Friday, April 26, 2013

John and John: Openness to Biblical Criticism

My church started a new Bible study last night.  We're going through John's Gospel: Wisdom from Ephesus, with Michael Card

What impressed me most last night was the openness of people in the group, and Michael Card on the DVD, to scholarly ideas about the composition of the Bible.  The pastor was saying that he learned from the History Channel's miniseries on the Bible that the John who wrote the Gospel of John was not the same person as the John who wrote the Book of Revelation.  Someone else in the group, who is rather conservative and evangelical yet is part of the more liberal Evangelical Lutheran Church of America (ELCA), said that he was in a Bible study group about the Book of Revelation, and it was discussing the question of whether the same person wrote the Gospel of John and the Book of Revelation.

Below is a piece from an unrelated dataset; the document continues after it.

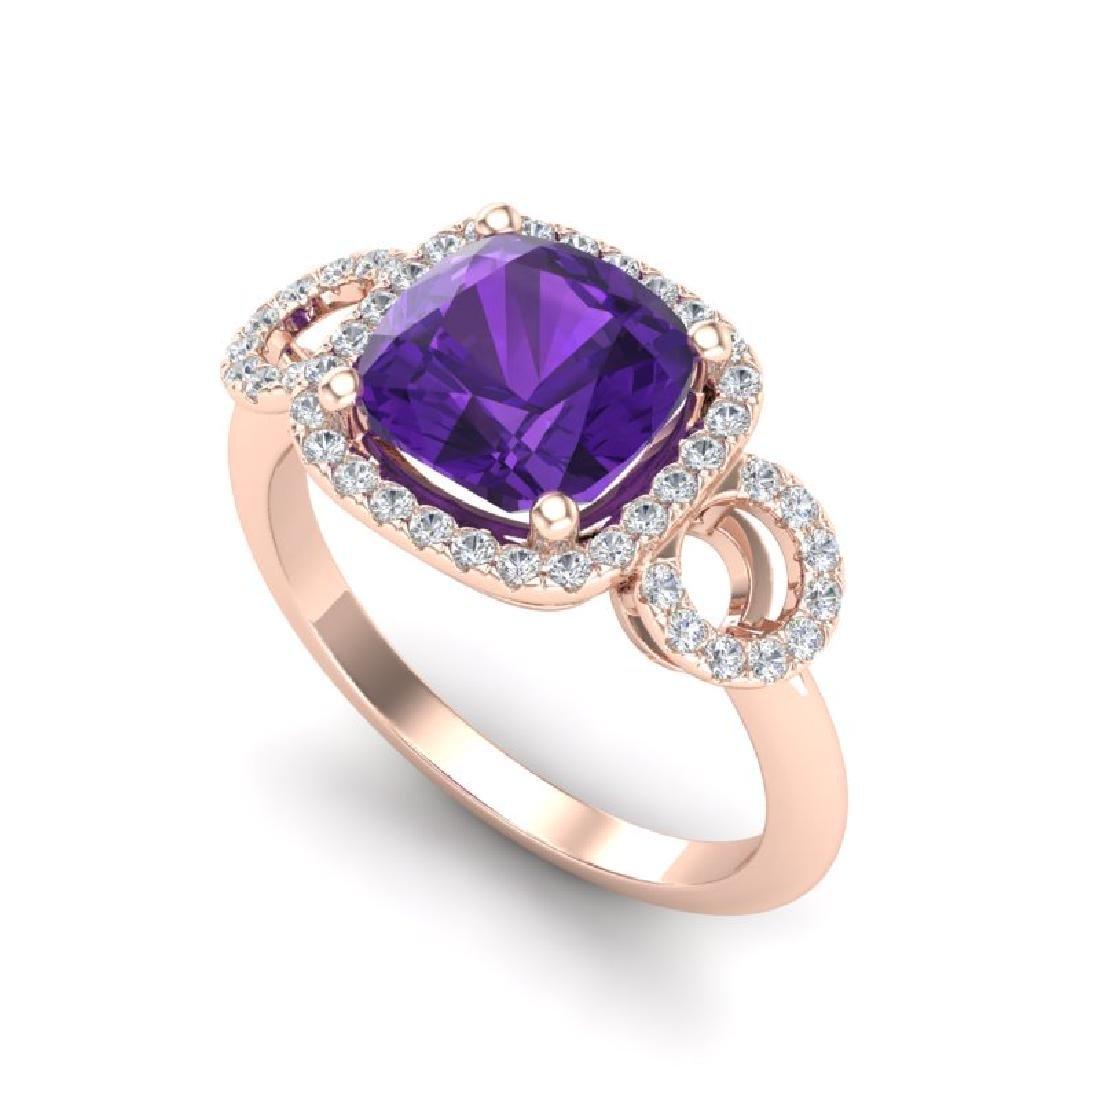 3.75 CTW Amethyst & Micro VS/SI Diamond Ring 14K Rose - 2

I had something to contribute to this discussion, for I got back into reading Lee Harmon's Revelation: The Way It Happened (and my blog posts on that book will appear starting June 25).  I happened to read the night before my Bible study Lee's discussion of the authorship of Revelation, so the issue was fresh in my mind.  I told the group about reasons that many scholars believe that John's Gospel and Revelation are by different people (different Greek styles), while also explaining the arguments of conservative scholars who maintain that the same guy wrote both books (i.e., literary reasons for the stylistic differences, and patristic ascription of Revelation to the apostle John).  I'm happy when I can come across as smart, as rarely as that happens! 

On the DVD, Michael Card was saying that Matthew and Luke base the outline of their story on the Gospel of Mark, so he was essentially agreeing with Markan priority.  While Card believes that John, the author of John's Gospel, was an eyewitness to Jesus, he seems to think that there's more to what John is doing than simply writing down what happened.  According to Card, John's Gospel was written much later than the synoptics, and so John had more time to reflect about the significance of Jesus.  The implication of this is that we see in John things that happened, mixed with John's retrospective and theological reflections about Jesus' significance.

I enjoyed hearing Michael Card talk about some of the differences between John's Gospel and the synoptics.  John leaves out some of the things that other Gospels have, while going in a different direction.  John, unlike Matthew and Luke, does not have a birth story about Jesus, but John does discuss the incarnation.  John does not have a Last Supper scene, but he does describe what happened after the Last Supper.  John, unlike the synoptics, does not have parables, but Jesus in John's Gospels is himself a parable----Jesus is the light of the world who goes on to open the eyes of the blind, and Jesus is the bread of life who feeds the multitudes.

I'm appreciative whenever an evangelical acknowledges some human element in the Bible, because that is a good counterweight to the ideas about the Bible that a number of conservative Christians hold: that all of the Bible's words were spoken or dictated by God.  I know that there are many conservative Christians who would distance themselves from this model of revelation, but there are still a number who hold fast to it.

I'm doubtful that some of the people in my group would be open to other conclusions that biblical scholarship has made: the view that Moses did not write the Pentateuch but that it contains contradictory sources or layers, or the idea there there are multiple hands in the Book of Isaiah.  It doesn't really tax one's faith to say that different Johns wrote John's Gospel and the Book of Revelation.  After all, even according to traditionalists, the Bible contains the work of more than one author!  But to say that Moses did not write the Pentateuch does not sound right to a number of conservative Christians, one reason being that Jesus seems to attribute parts of the Pentateuch to Moses.  The same would go for the question of how many Isaiahs there are.  And, for some reason, there are a number of conservative Christians who wouldn't be open to the idea that Paul did not write all of the letters attributed to him.  I think that the reason for their discomfort here is that such a view would make the letters less authentic----they'd like for a letter that is attributed to Paul to be from Paul, not from some unknown who was pretending to be Paul.

Moreover, I'm not sure if people in the group would acknowledge that the Bible contradicts himself.  Some in the group are more open to that than others.  When John's Gospel is different from the synoptics, that's not a contradiction, in the eyes of many conservative Christians.  Rather, John's Gospel and the synoptics are highlighting different aspects of the truth.